Collected data.
○ ○ ○ ○ ○ ○ ○

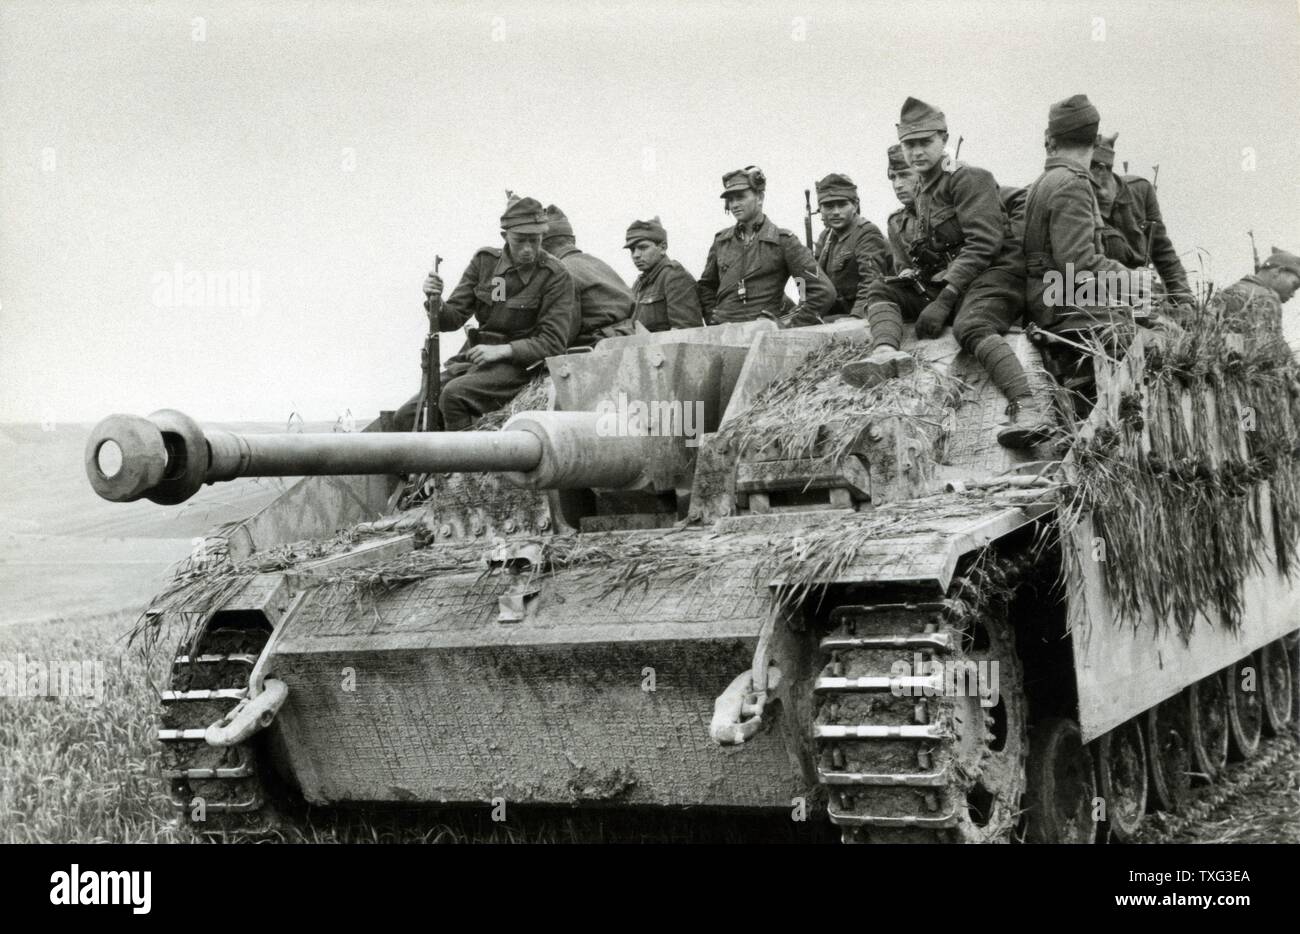 The Sturmgeschütz III (StuG III) assault gun used by the German army during the Second World War. 1943 Stock Photo
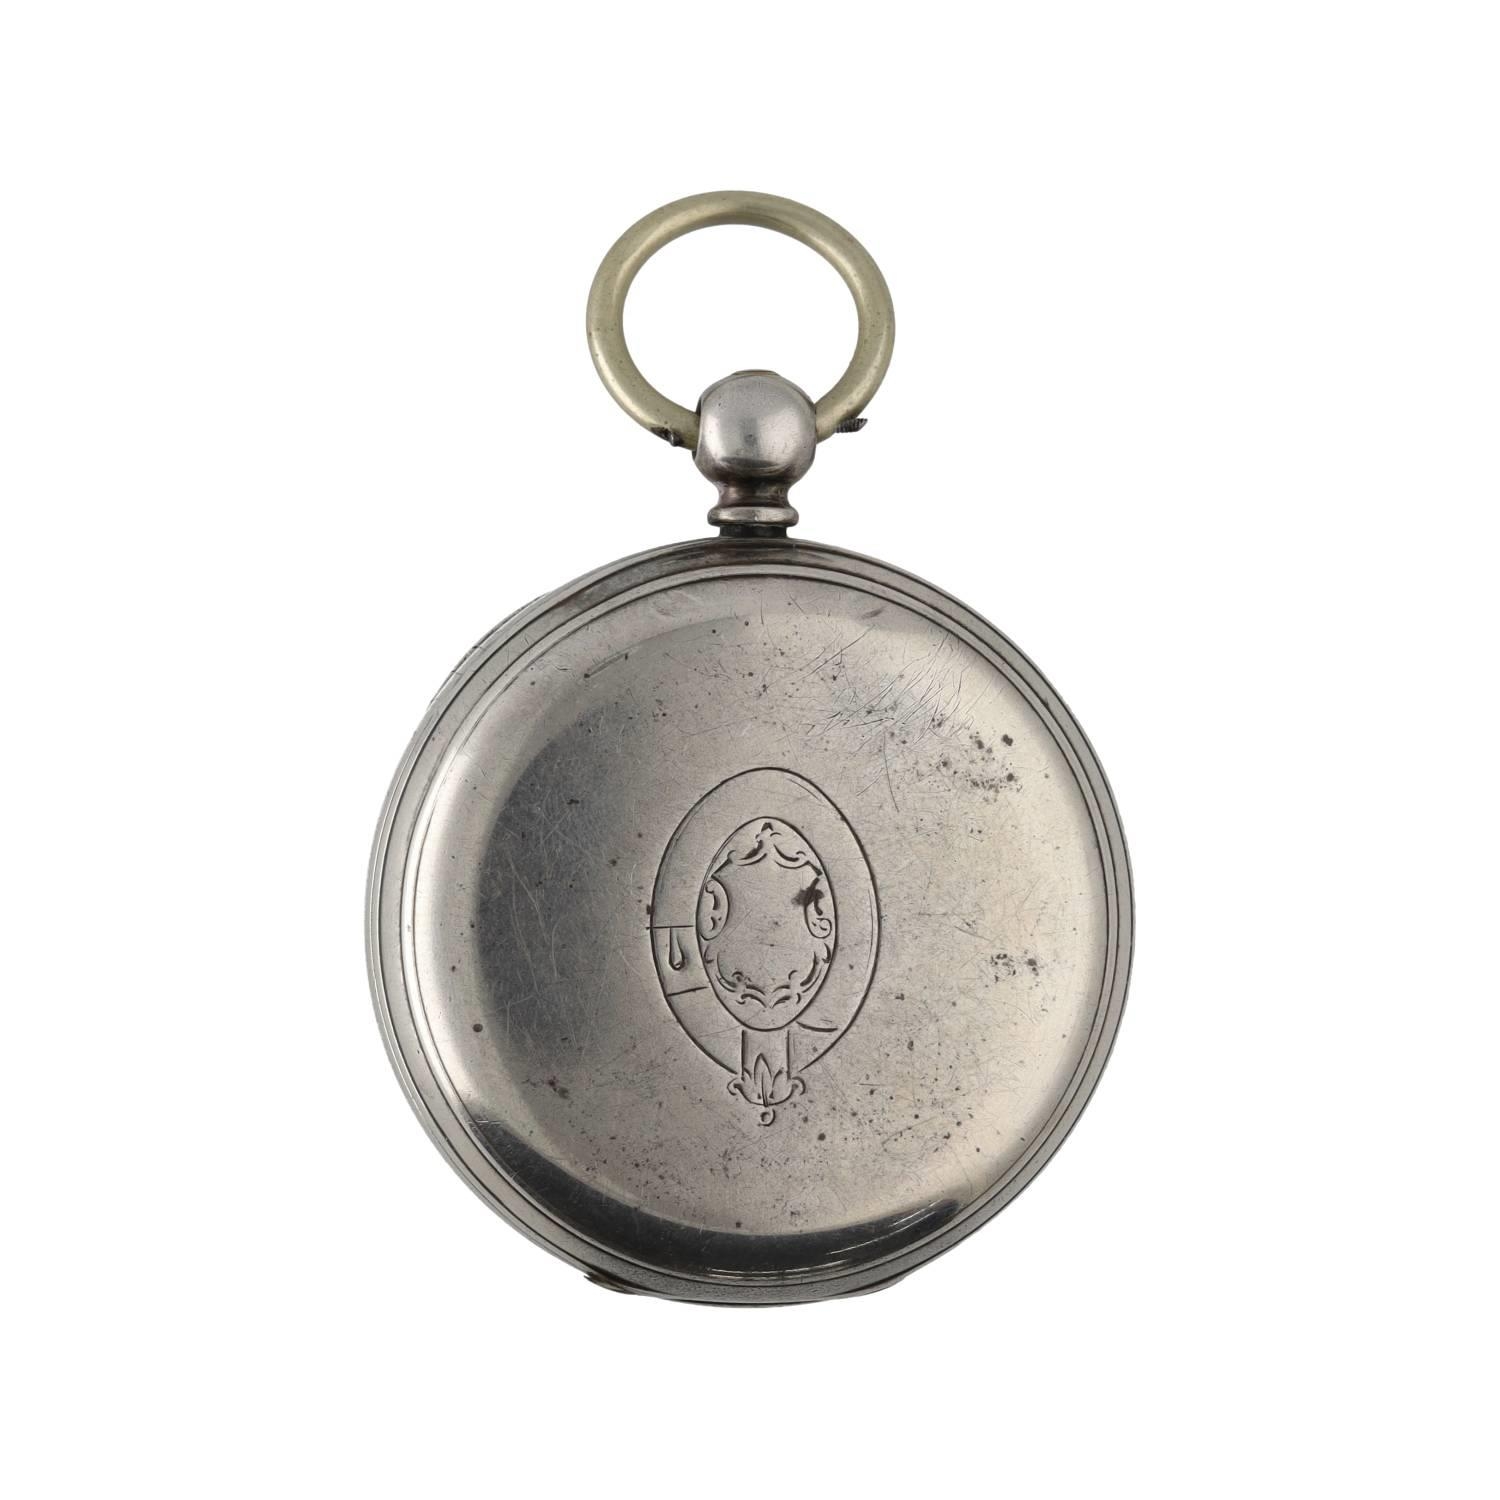 American Waltham 'Martyn Sq.' silver lever pocket watch, circa 1884, serial no. 2599052, signed - Image 3 of 3
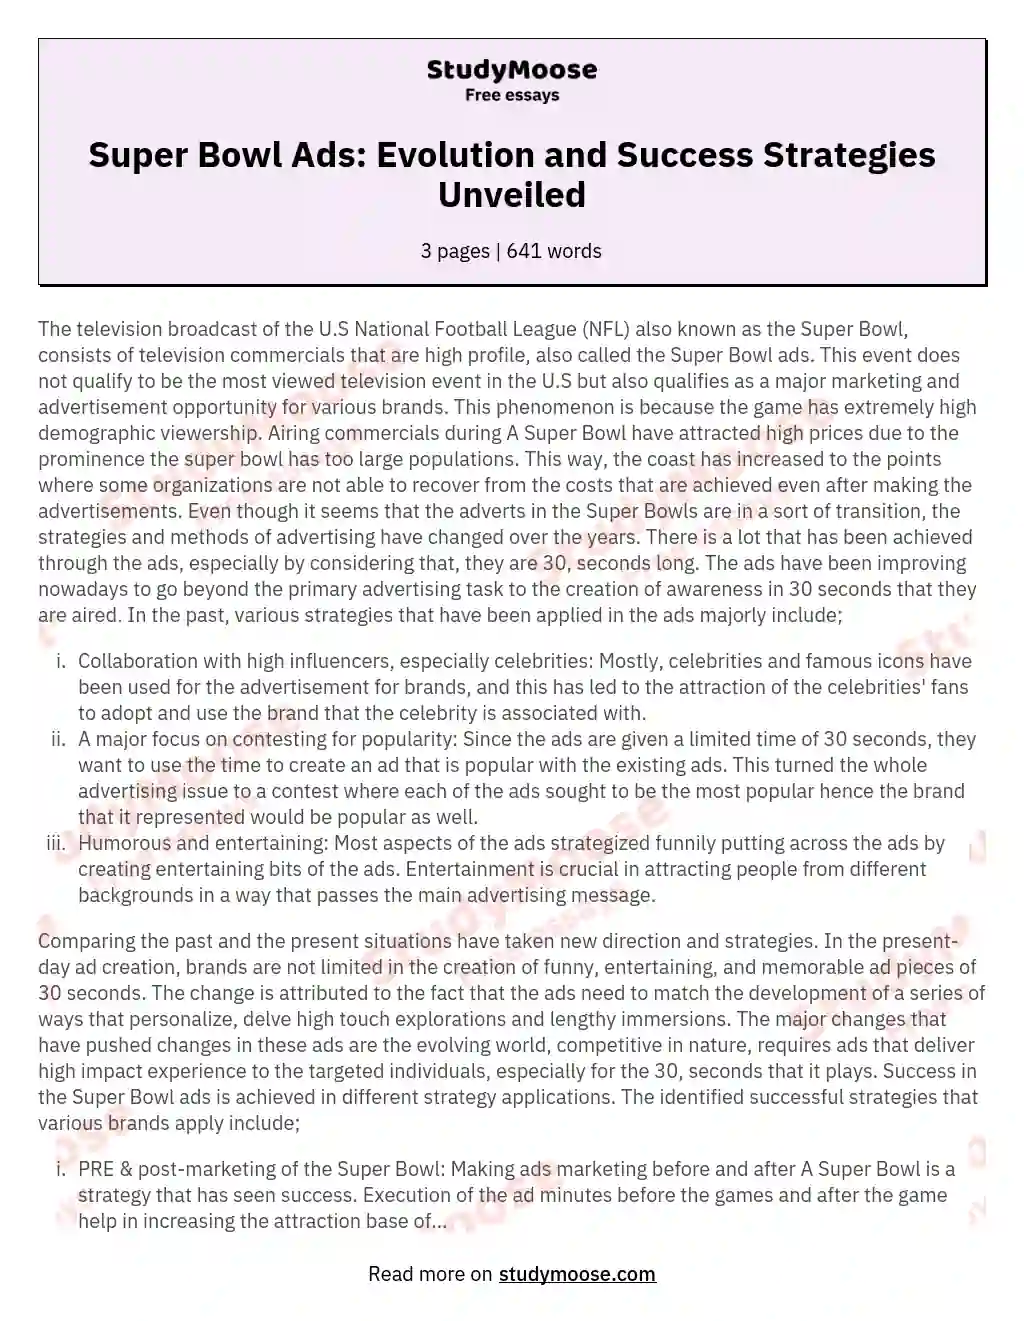 Super Bowl Ads: Evolution and Success Strategies Unveiled essay

○ ○ ○ ○ ○ ○ ○

Only the pictures stay out; everything else in the listing above must be repeated exactly.

Completed task.
 The Sturmgeschütz III (StuG III) assault gun used by the German army during the Second World War. 1943 Stock Photo
 American Waltham 'Martyn Sq.' silver lever pocket watch, circa 1884, serial no. 2599052, signed - Image 3 of 3
 Super Bowl Ads: Evolution and Success Strategies Unveiled essay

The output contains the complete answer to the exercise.